The project will also call upon government information specialists — including librarians, political and social science researchers, and academics — to assist in the selection and prioritization of web sites to be included in the collection, as well as identifying the frequency and depth of the act of collecting. The Government Printing Office will lend expertise to the curation process along with libraries in its Federal Depository Library Program. A tool has been designed by the project team and developed by the University of North Texas to facilitate the collaborative work of these specialists, and will be made available to participants in August 2008.

“Digital government information is considered at-risk, with an estimated life span of 44 days for a web site. This collection will provide an historical record of value to the American people,” said Director of Program Management Martha Anderson of the Library of Congress’ National Digital Information Infrastructure and Preservation Program (NDIIPP).

The Library of Congress, the world’s preeminent reservoir of knowledge, is leading a nationwide program to collect and preserve at-risk digital content of cultural and historical importance. The program, formally called the National Digital Information Infrastructure and Preservation Program is building a digital preservation network of partners. More information about the Library’s Web Capture program is available by clicking here.

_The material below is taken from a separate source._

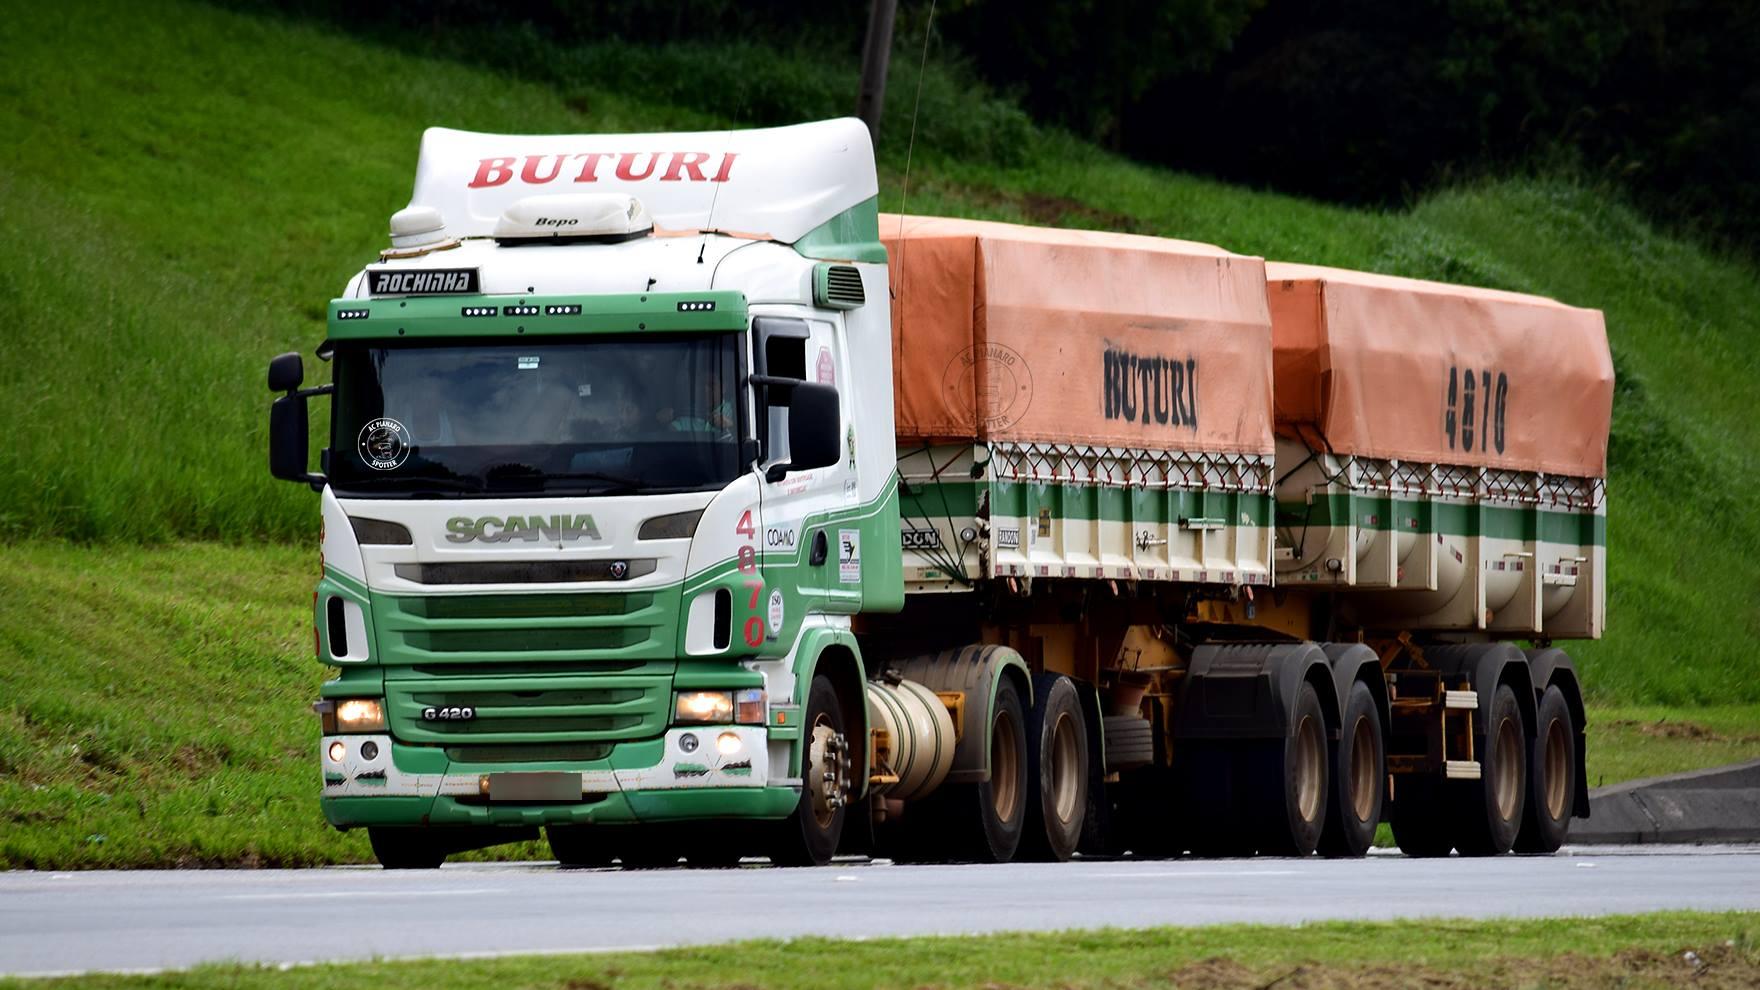 Scania-Brasil-G-420-6x2-da-Buturi-Transportes

The California Digital Library leads the NDIIPP funded Web-at-Risk project, which is developing tools that enable librarians and archivists to capture, curate, preserve, and provide access to web-based government and political information. In partnership with the University of California libraries, the California Digital Library established the digital preservation program to ensure long-term access to the digital information that supports and results from research, teaching and learning at the university

The University of North Texas Libraries, as part of the Federal Depository Library Program, created the CyberCemetery in 1997, to capture and provide permanent public access to the web sites and publications of defunct U.S. government agencies and commissions. The University of North Texas participates in the NDIIPP program as a partner with the California Digital Library in the Web-at-Risk project focusing on the selection of materials for capture and preservation. The U.S. Government Printing Office manages the Federal Depository Library Program and is charged with providing permanent public access to government publications.

The Internet Archive is a high-tech nonprofit, founded in 1996 by Brewster Kahle as an “Internet library” to provide universal and permanent access to digital information for educators, researchers, historians, and the general public. The Internet Archive captures, stores and provides access to born-digital and digitized content, and leads the development of Heritrix, the open-source archival web crawler, used to facilitate the collection of web data for this project.

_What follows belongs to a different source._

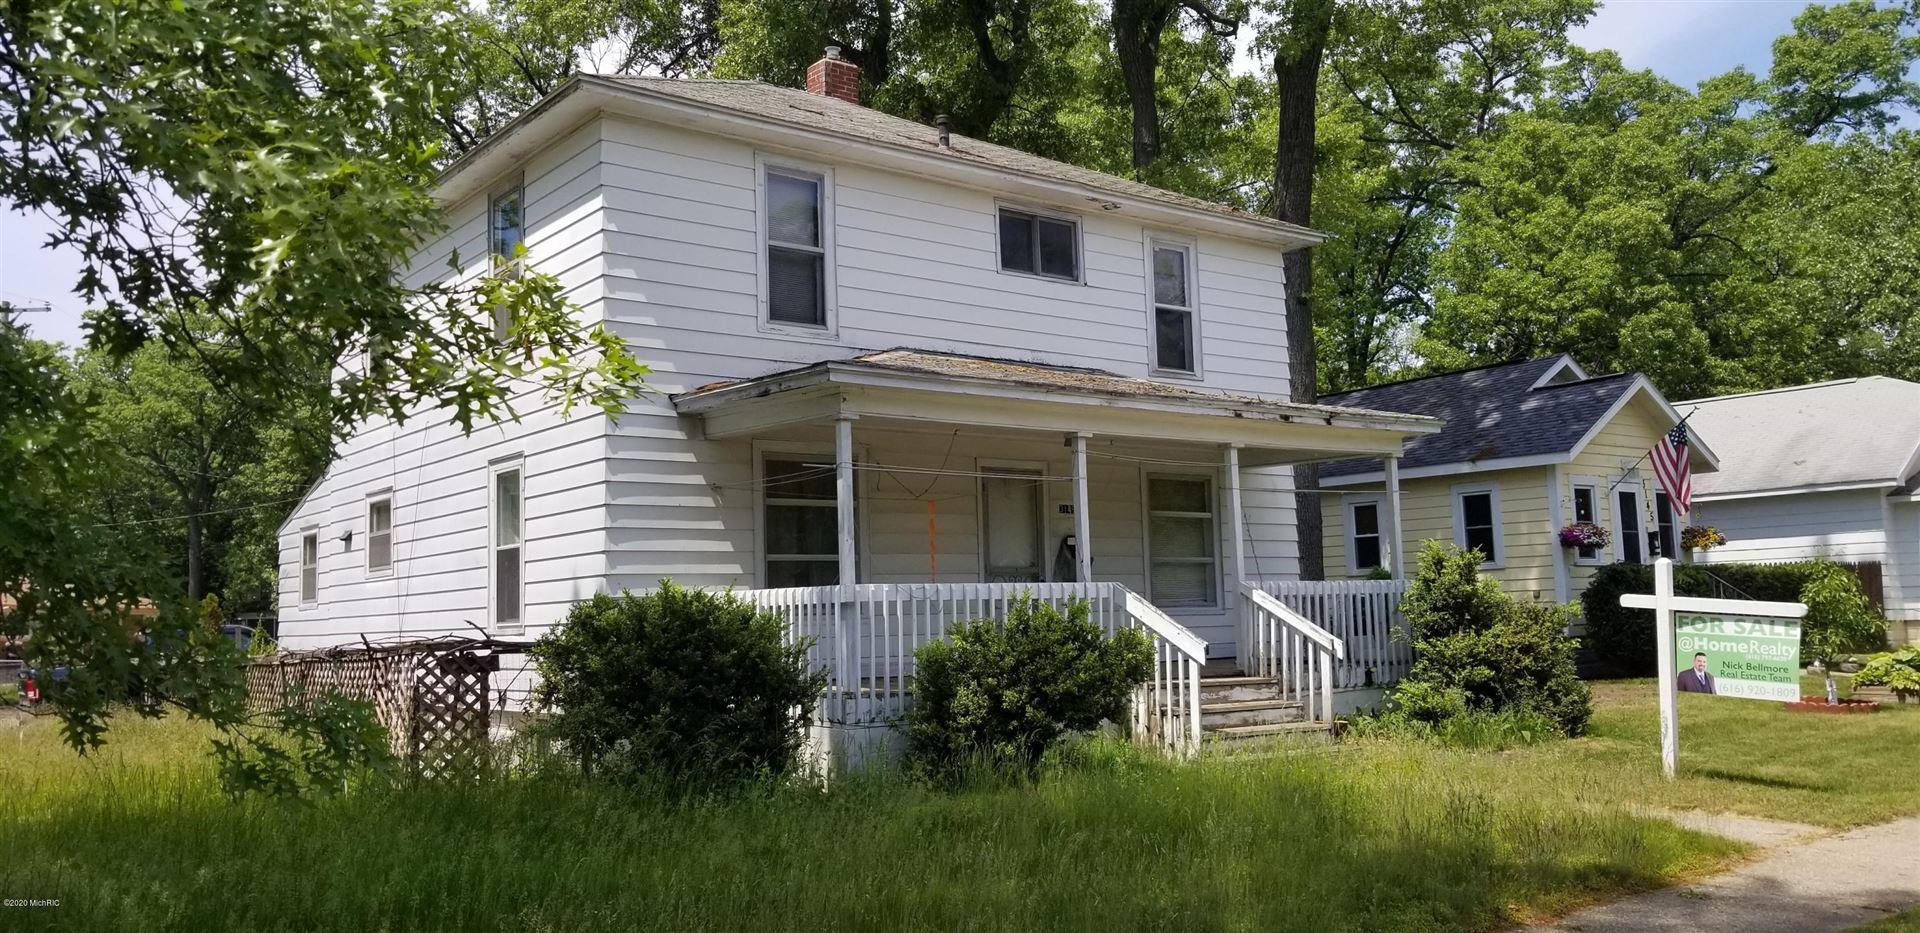 3149 Merriam Street, Muskegon, MI 49444 - #: 19055489

On March 27, 2008, the National Archives and Records Administration (NARA) issued a memorandum, stating that it would not conduct a “harvest” of federal agency websites, as they exist at the end of President Bush’s term as they did in 2001 and 2005. In response to concerns expressed by stakeholders, on April 15, the National Archives issued further clarification, stating “each agency is now responsible, in coordination with NARA, for determining how to manage its web records, including whether to preserve a periodic snapshot of its entire web page.”

The March 27 memo cited cost concerns and the fact that non-governmental websites provide federal website snapshots as reasons for NARA’s decision. The memo also pointed out that there is no NARA requirement for agencies to perform their own web snapshot at the end of the Administration if NARA does not conduct one.

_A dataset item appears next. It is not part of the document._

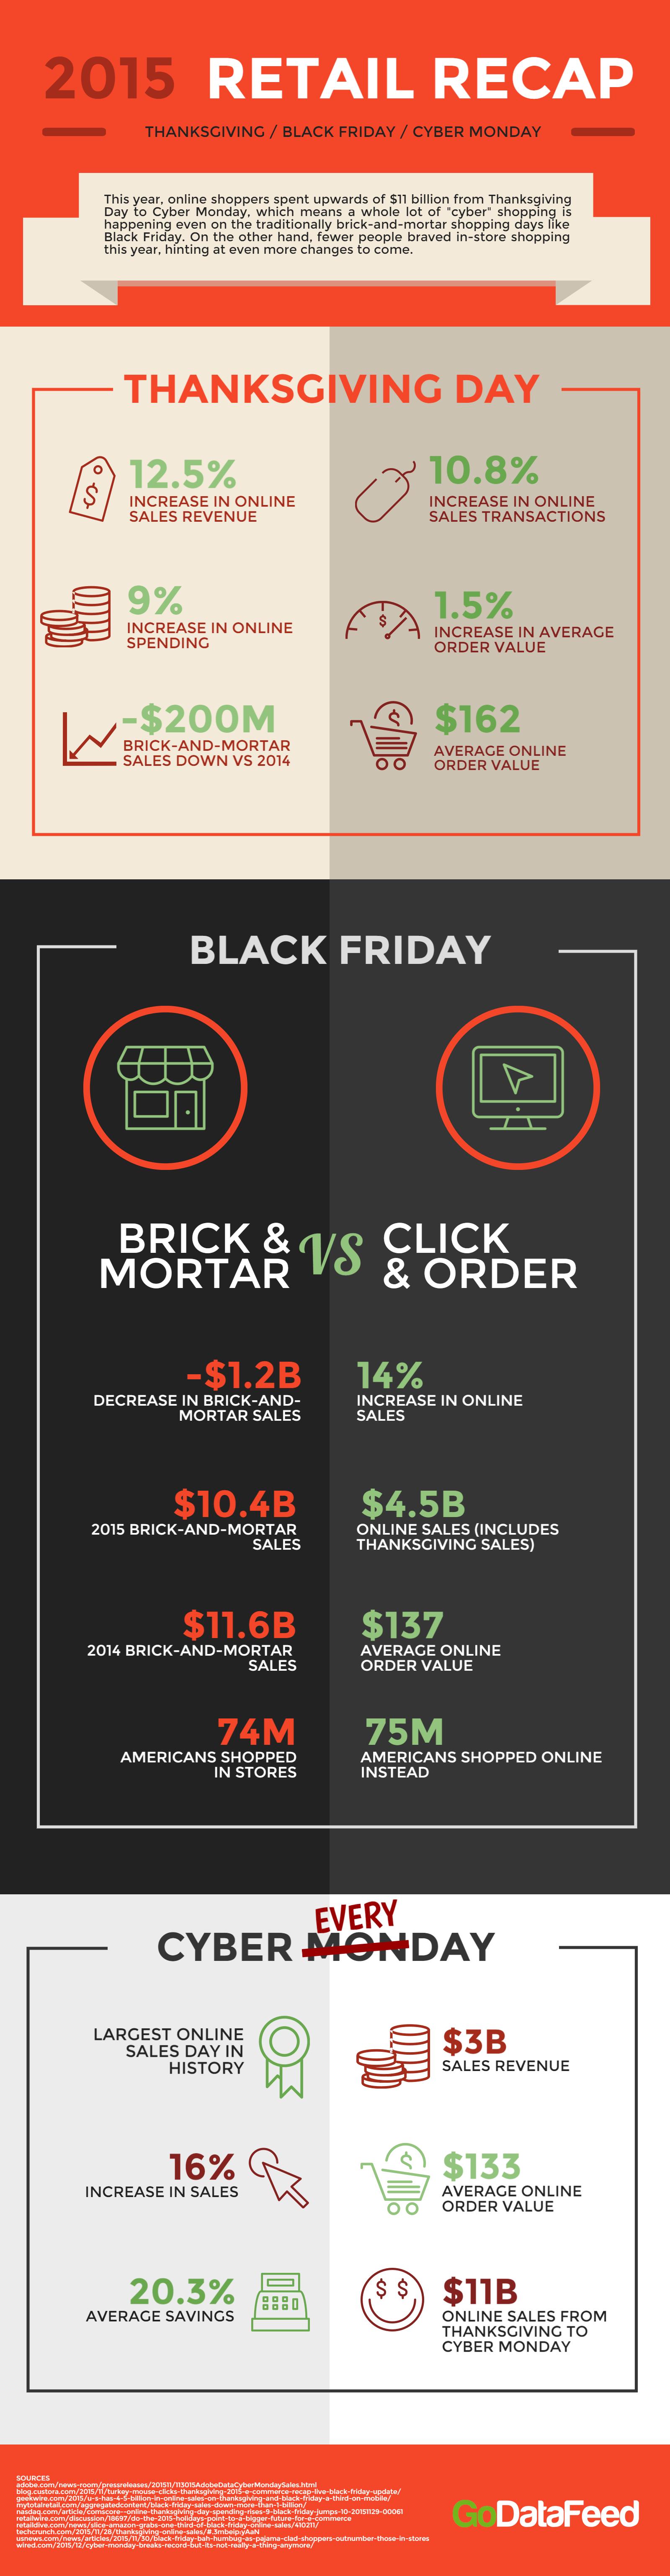 2015 Retail Recap Black Friday Cyber Monday Web

In its April 15 statement, NARA expressed concern that some federal agencies would assume “If NARA is taking a web snapshot, why does our agency need to manage our own records?” NARA also questioned “the permanent archival value of a Federal agency web snapshot taken on one random day near the end of a Presidential term.”

NARA stated it would conduct a web harvest of Congressional web sites since the Federal Records Act does not cover them. In addition, NARA will also receive a web snapshot of the White House website since it is considered a permanent record under the Presidential Records Act.